Wednesday, May 18 2011
Take the Toyota Prius: It’s obviously driven by pansies with too much money and not enough sense to know that any car worth its steel and glass should go fast. Or how about those people in Berkeley who make biodiesel — biodiesel! — out of used cooking oil? Smelly hippies, all of them, powering their school buses to take trips to Mexico to smoke dope, plant trees, and play acoustic guitar. But hold on a minute. Look over there. That’s one badass dirt bike, and it’s about to jump over a monster truck. Wow. That’s awesome. Huh? What’s that you say? The bike is all electric? And the truck is powered by biodiesel? Holy Toledo. Maybe these things aren’t strictly for sissies. This is exactly the point Saul Griffith and Chris Lindland make tonight at Eco Knievel, which is “a brainstorming session about how to inject machismo into a green movement plagued by the perception of being effeminate and hippie,” organizers say. Why does this matter? Because image is important.
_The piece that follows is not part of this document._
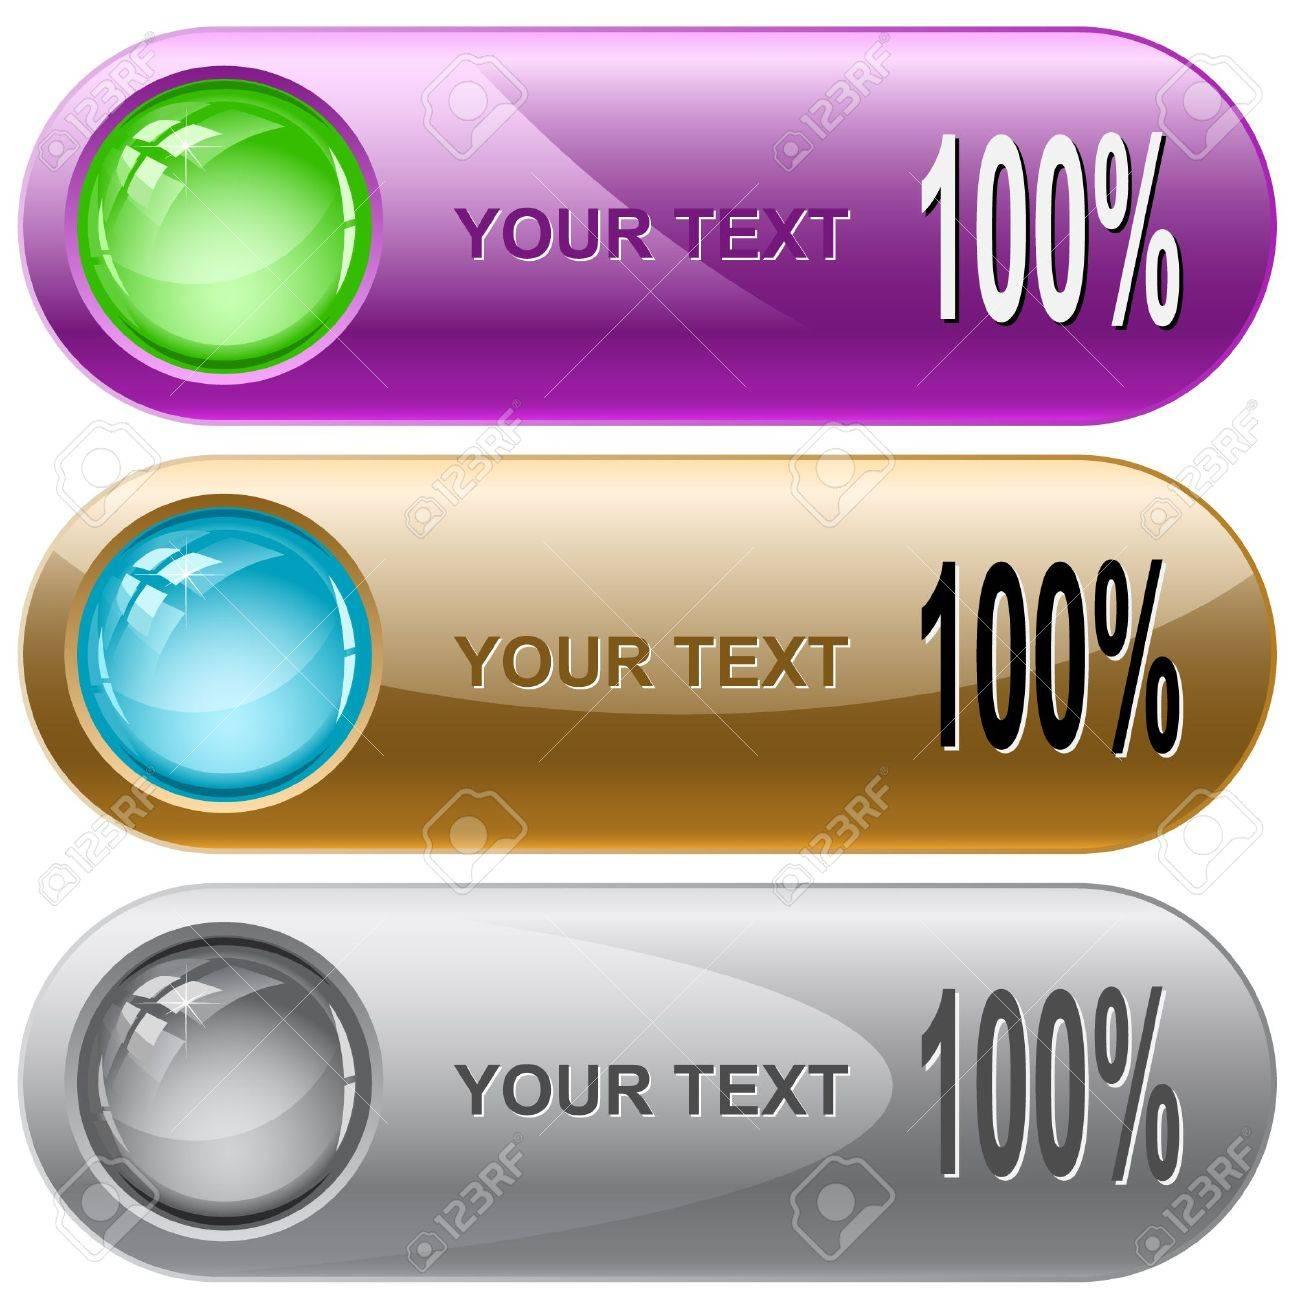 100%. Vector internet buttons. Stock Vector - 6846781

If the movement is itself to be sustainable, it will have to win over large parts of the population — including manly men of the heartland who worship at the altar of the F-250 and Dodge Ram. Griffith is the cofounder of design and engineering efforts including Squid Labs and Makani Power. Lindland is an author and the founder of, a San Francisco clothing company that works with local manufacturers to continually invent new items. These two use their expertise in innovation and marketing to show how to shift the image of environmental stewardship from “save the baby polar bears” to something “the average guy” (whoever that is) can embrace. And that electric dirt bike jumping the biodiesel truck? It’s happening, thanks to these guys, at Maker Faire in a few days.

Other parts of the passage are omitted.